Features

Pre-diamond Gaborone

 

In a very sizeable area, it is possible to see perhaps half a dozen vehicles – the roads being effectively empty. Most of the Mall is still to be developed and there is still no Capitol Cinema. The Town Hall is splendidly isolated and thus easily identifiable – something which it has now lost.

On the northern side of the Mall, the Catholic Cathedral is easy to pick out as are the Gaborone Secondary School and Princess Marina complexes.

The new National Museum can be easily seen opposite the Cathedral whilst, nearby, it is easy to identify the old Parliamentary flats, now demolished.  On the southern side of the Mall, in contrast, can be seen just the one civic institution – the Central Police Station together with Trinity Church which are located within an area entirely utilised by low cost housing. 

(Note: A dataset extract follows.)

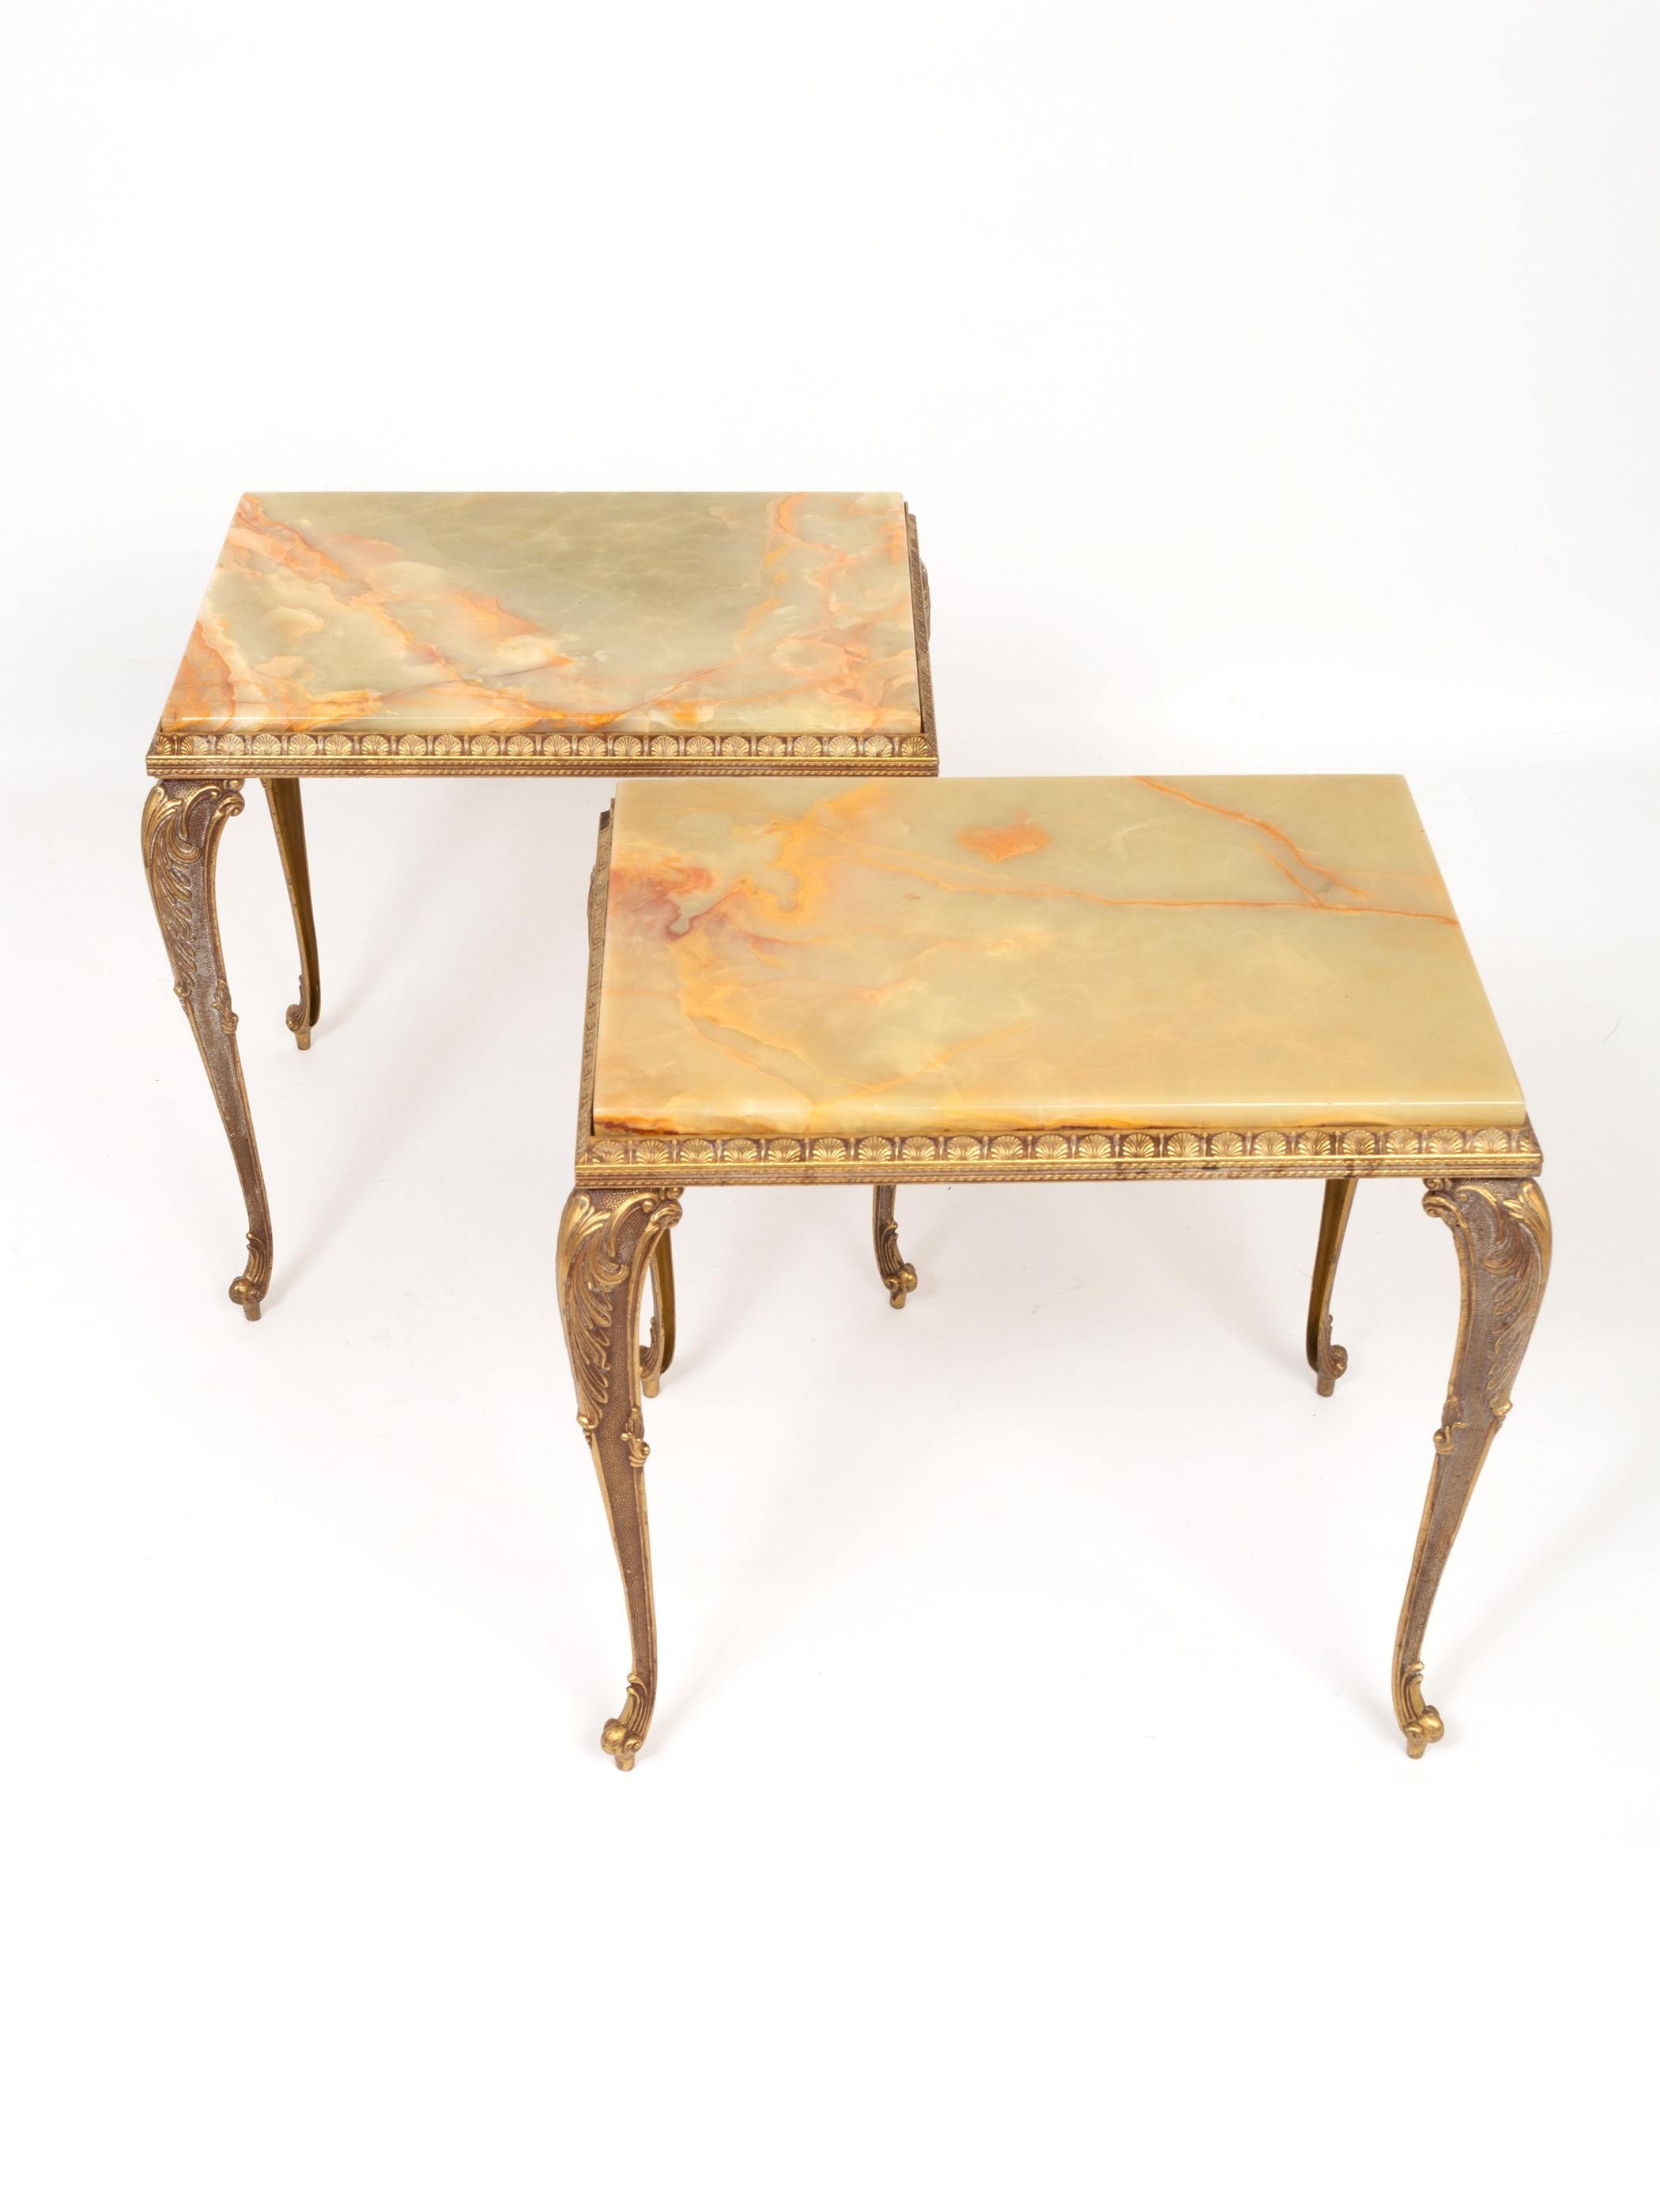 20th Century Pair French Gilt Brass and Onyx Side Lamp Tables, c.1940 For Sale

In retrospect, and I admit that the thought had not previously occurred to me, it seems that only three makgoa lived at the time in the area covered by this photo – namely Derek Jones and Alan Butler of Trinity Church and myself, occupying a Christian Council house immediately behind the Central Police Station.

Had the photo taken in the area further to the south it would have included the African Mall and some of the famous Asian owned stores which are probably amongst the very few in Gaborone to have continuously traded during the past 50 year period.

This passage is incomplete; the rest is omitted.